**Your task:** Starting at the line that contains "Bolador de fumo", transcribe each line exactly through the end of the data below, and skip any pictures.

**Provided material:**
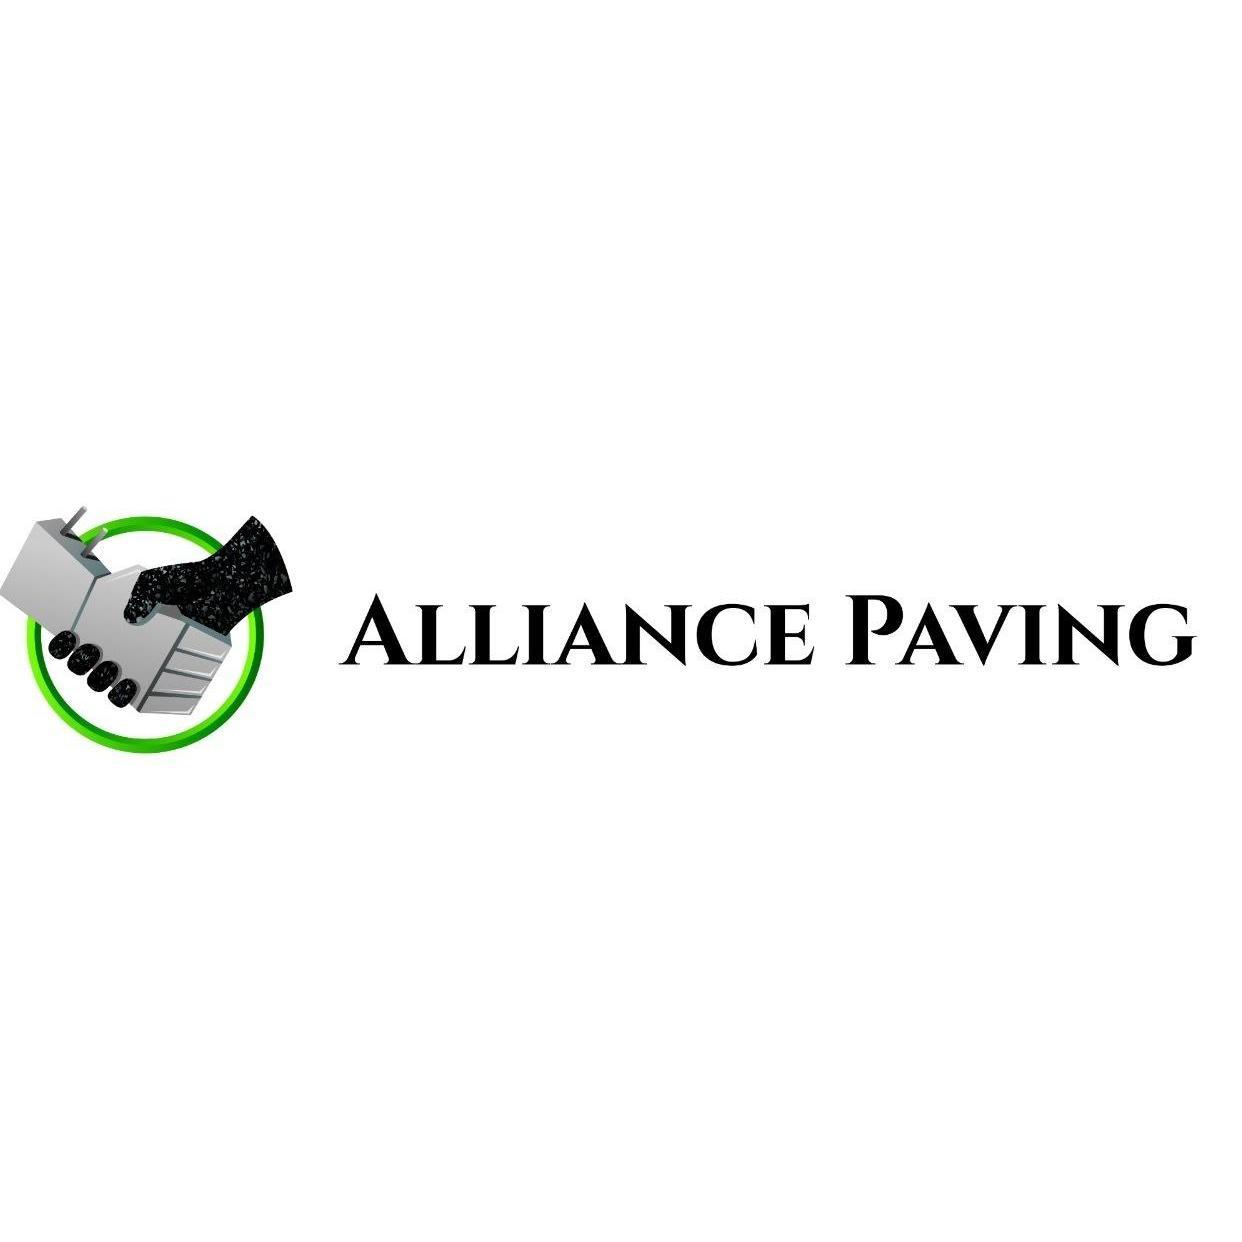 Alliance Paving, Inc.
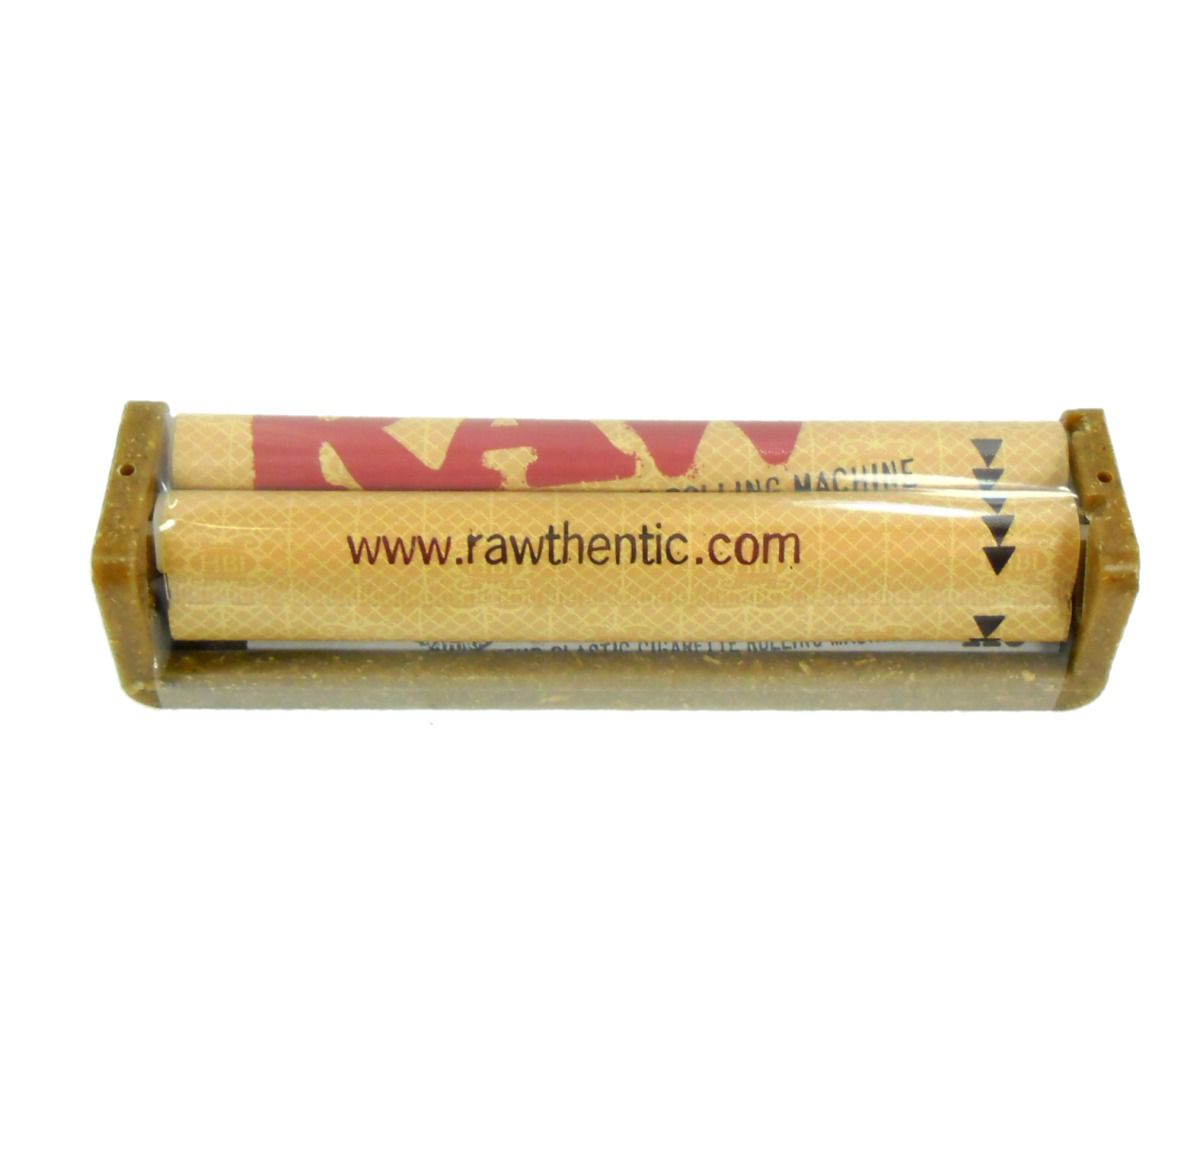 Bolador de fumo / Máquina Para Enrolar Cigarros RAW 110mm, feita de fibras de coco.
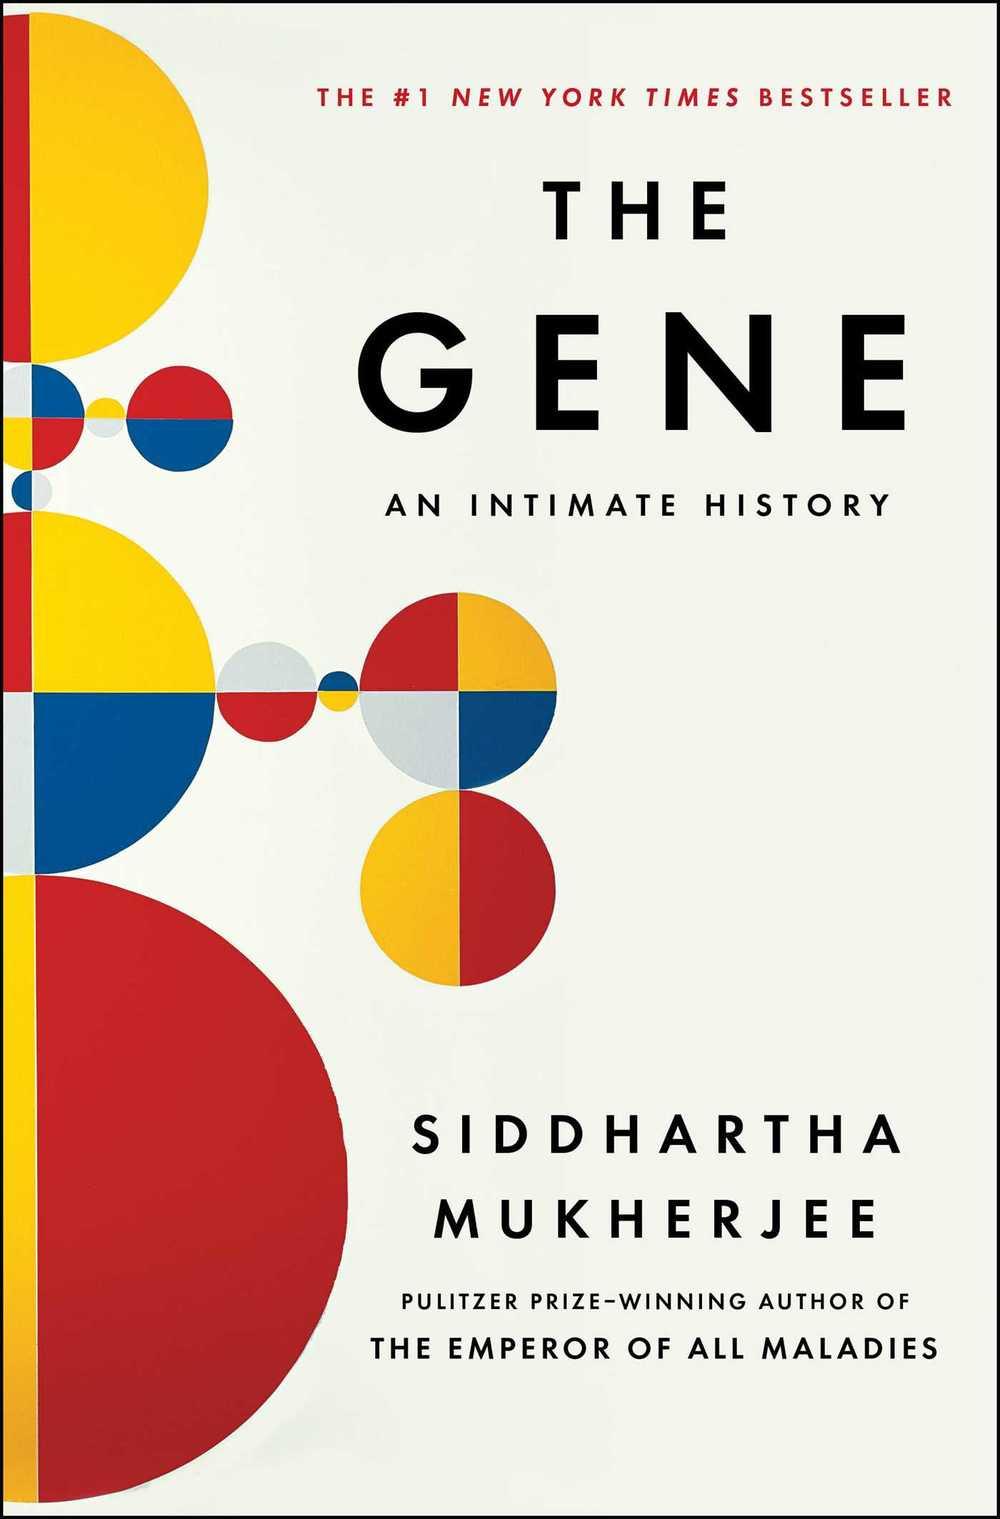 The Geneby Siddhartha Mukherjee (US Edition)
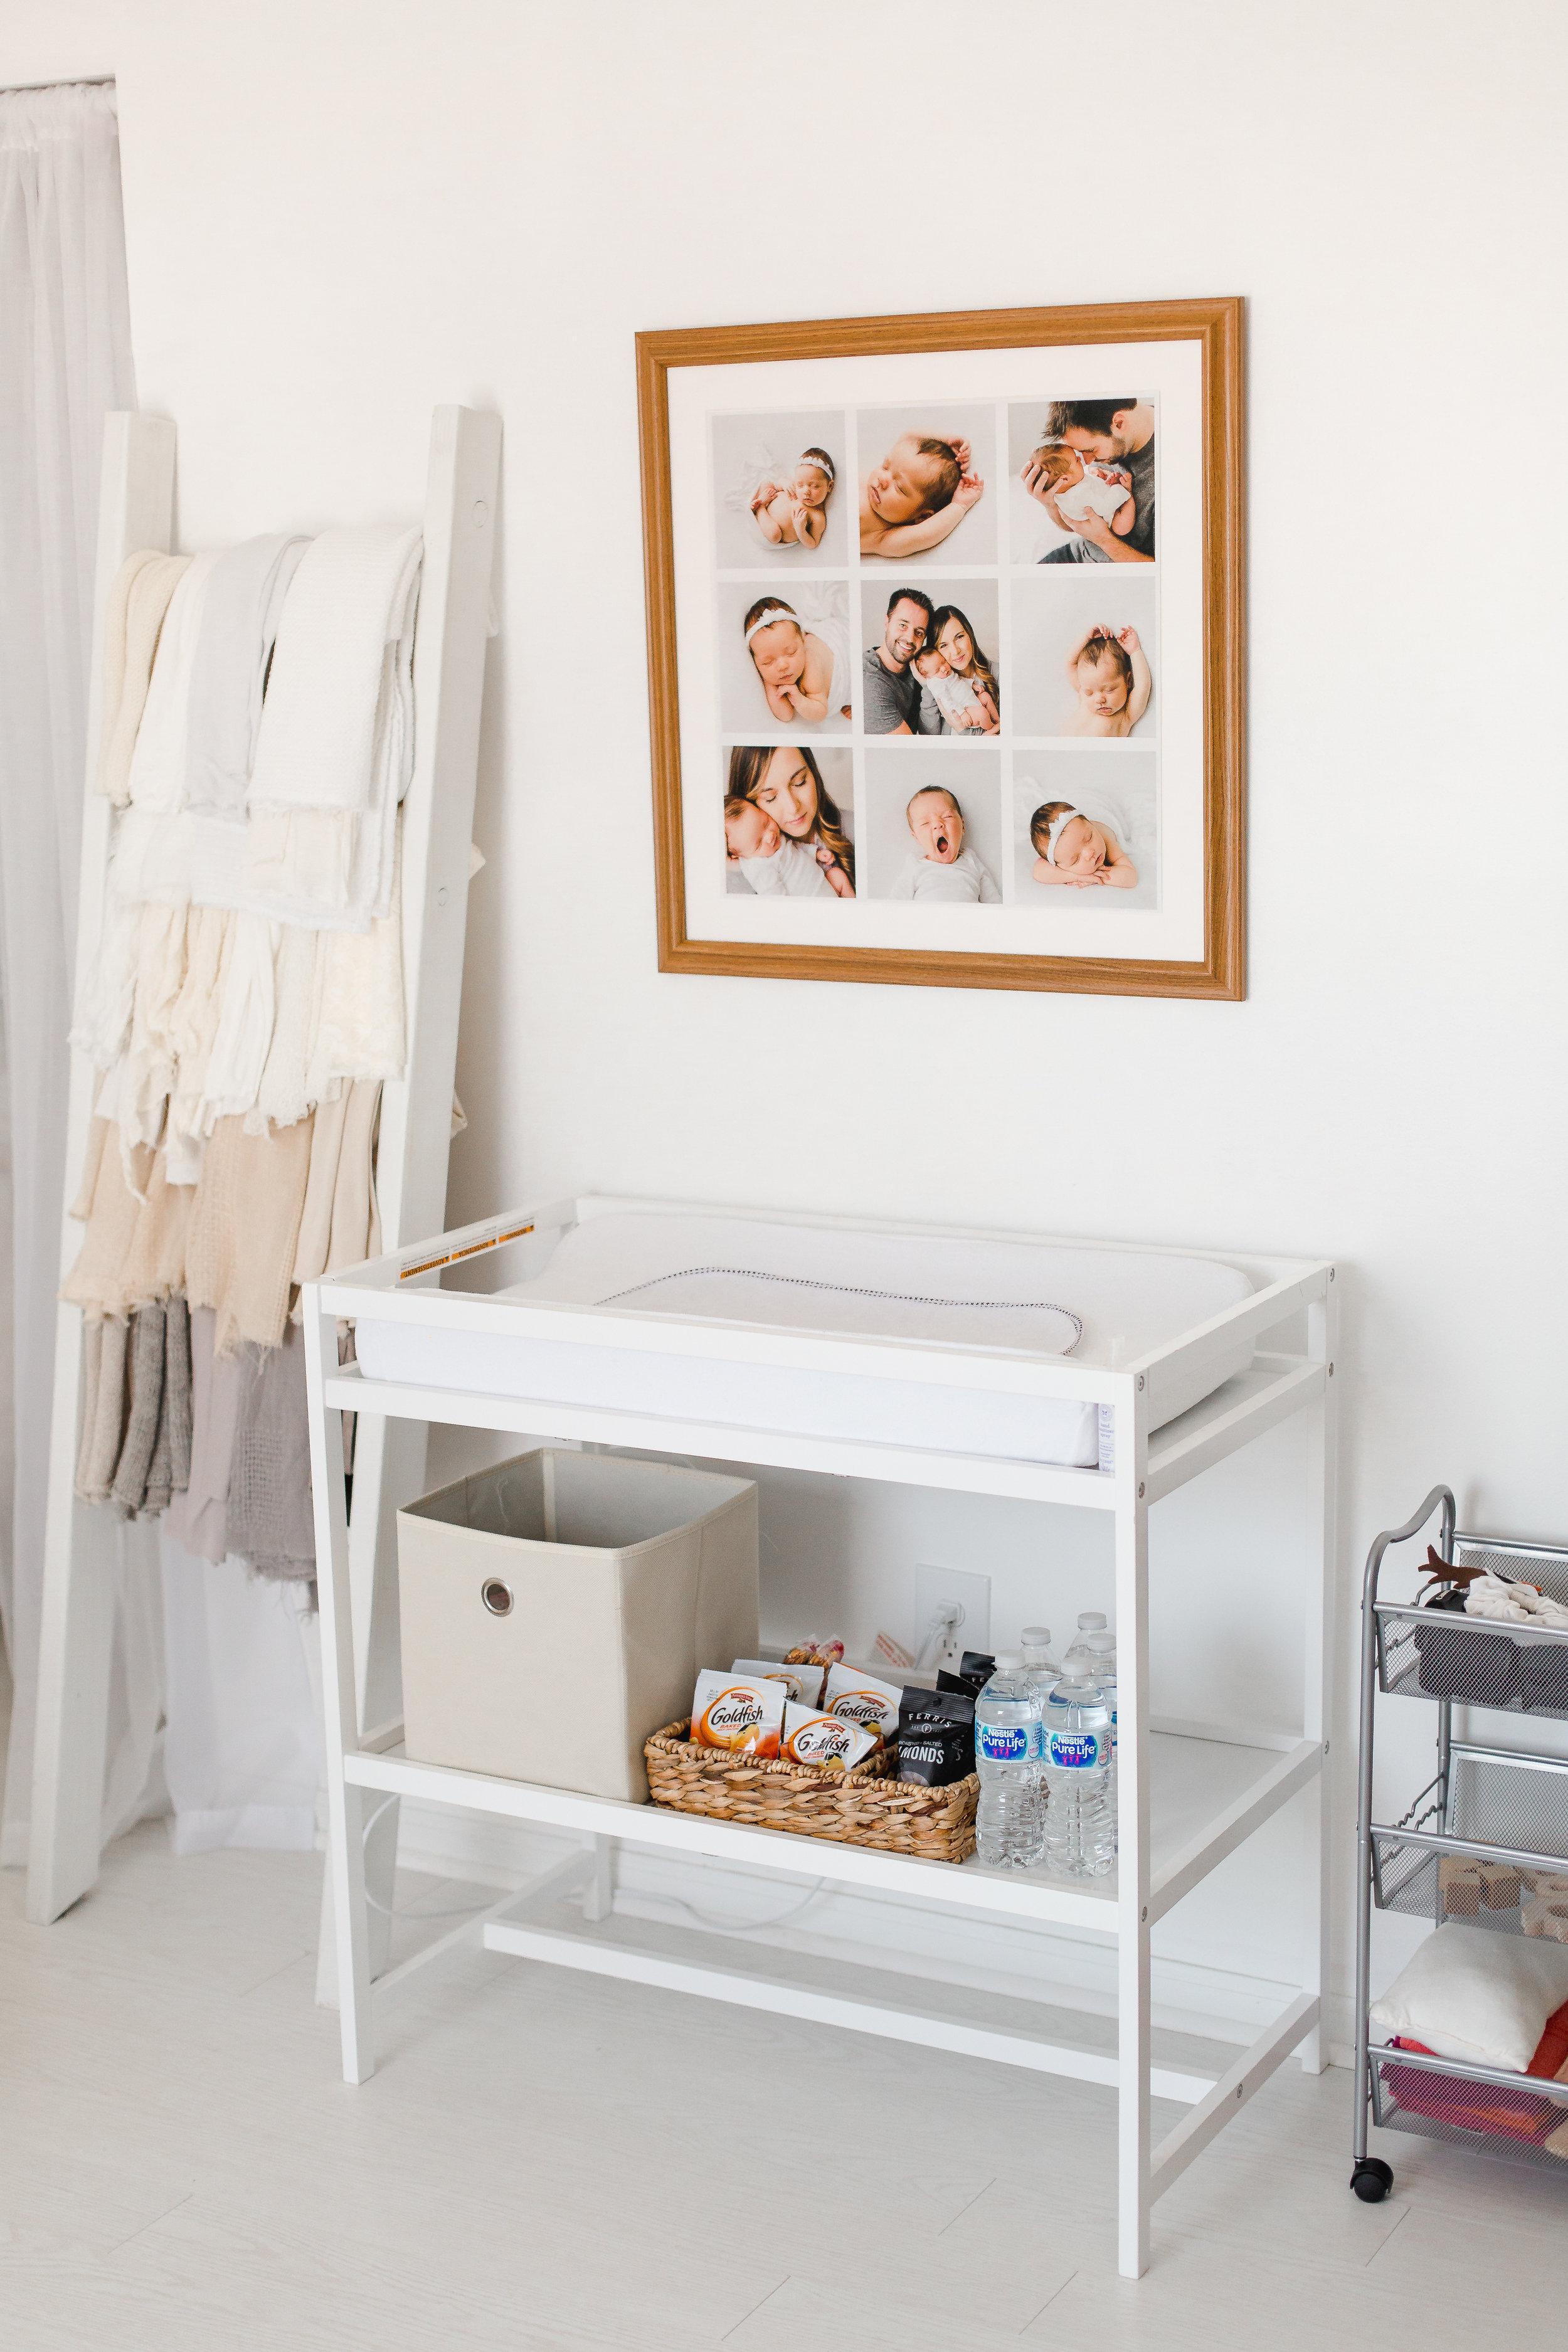 central-ohio-newborn-photographer-7 - Copy.jpg

**Solved exercise:**
 Bolador de fumo / Máquina Para Enrolar Cigarros RAW 110mm, feita de fibras de coco.
 The Geneby Siddhartha Mukherjee (US Edition)
 central-ohio-newborn-photographer-7 - Copy.jpg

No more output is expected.